非正規賃上げ、春闘が「最低賃金」後追い 受け身の労使では格差是正に懸念 メーデーに考える

2022年5月1日 06時00分
 日本経済の大きな課題とされる非正規労働者の賃上げで、春闘が毎年秋の最低賃金(最賃)改定に主役の座を奪われている。春闘の実績を本紙が分析すると、前年秋の最賃の引き上げ額を後追いする傾向が鮮明だった。労使が「最賃が上がるから賃上げ」という受け身の姿勢では、持続して格差を是正できない恐れがある。労働者の祭典メーデーの1日に問題点を考える。(山田晃史)
 最低賃金の引き上げ額と春闘での非正規賃上げ額(いずれも時給、加重平均)を比べると、2019年秋に最賃が前年比27円上がったのに対し、20年春闘は同27.11円の上昇だった。近年、最賃と翌年春闘の上昇額がほとんどの年でほぼ連動していた。
 最賃の役割は本来、不当に低い賃金から労働者を守る安全網だった。それが最近は非正規の賃上げを先導しているように見える。

◆最低賃金上がらないと春闘も鈍り…

 実際、政府が最賃を全国平均で1000円にする目標を掲げて16年秋から大幅な引き上げを始めると、17年春闘の賃上げ額は前年より約4円も大幅に上乗せされた。逆に20年秋に最賃がコロナ禍でほぼ上がらなかった時は、翌21年の春闘は賃上げの勢いが鈍った。
 今年の春闘は12日時点で、非正規の時給引き上げ額が24.72円。昨年の10月に最賃は全国平均で28円上がっており、パートが多く加盟する産業別労組UAゼンセンの波岸孝典氏は「(春闘の賃上げは)最賃引き上げの影響が大きい」と認めた。
 神奈川県内の生協で食料品などの配送をしているパート女性(48)は「時給が上がるのは秋という印象が強い」と語る。昨年秋に時給が最賃に抜かれそうになった分を補うため、10円賃上げされたという。この結果、女性の基本時給は、同県の最低賃金と全く同じ1040円になった。

◆最低賃金「パート賃上げ要求の根拠に」

 労働専門のシンクタンク労働政策研究・研修機構の荻野登氏は「07年ごろまでは春闘の賃上げ額を前提に最賃が決まっていたのが逆転した」と説明。
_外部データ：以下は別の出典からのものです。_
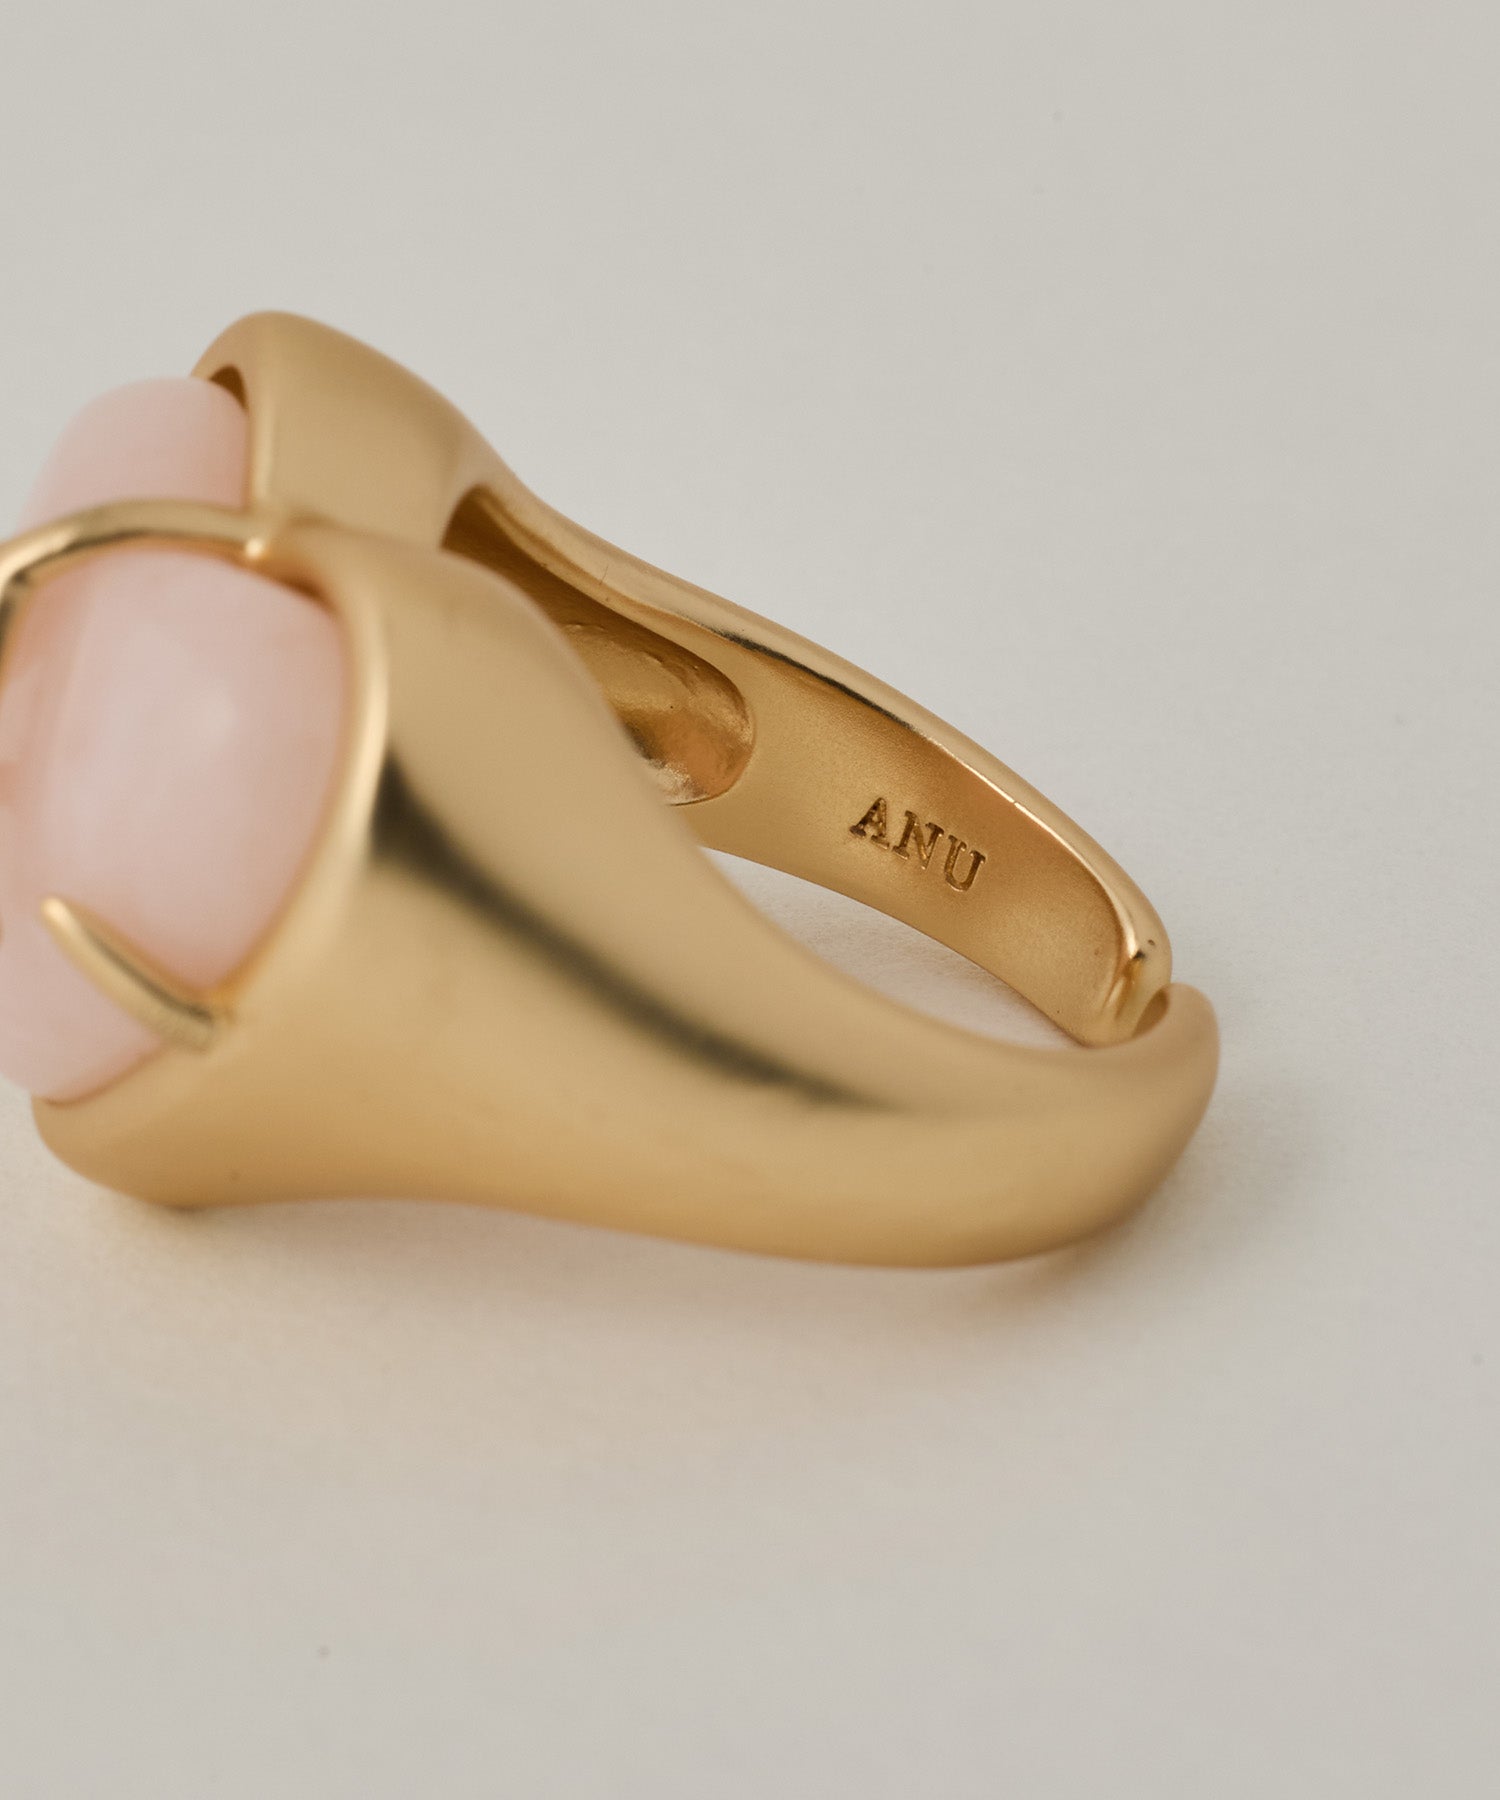 amor's lovely ring

理由としては「近年最賃は経済対策として継続的に引き上げられており、労組が組合員の時給が追い抜かれないように最賃改定額を意識した要求を続けた結果」と分析した。
 連合系労組の非正規担当者は「貧困対策だった最賃が今は、パートの賃上げを要求する際の最も重要な根拠になってしまった。賃金は本来、労使主導で決めなければならないのだが…」と複雑な心境を漏らす。
 日本総研の山田久氏は「最賃は政権の思惑に左右される問題があり、今の状況では最賃が上がらなかった時に非正規の賃上げが弱くなる恐れがある。持続的に格差を是正するためにも、労使が主導して賃上げをすべきだ」と話す。

最低賃金 法律で決められた労働者の賃金の下限。都道府県ごとに時給で示される。労使の代表と有識者でつくる中央審議会が引き上げの目安を示し、夏の各都道府県の審議会を経てそれぞれ決定。毎年10月ごろに改定される。最賃以上の賃金を支払わないと、経営者に罰金が科される。政府が「年率3%の引き上げで全国平均1000円を目指す」と目標を示した後、2016年からコロナ禍の20年を除き、前年比3%超の引き上げが続く。現在の全国平均は930円。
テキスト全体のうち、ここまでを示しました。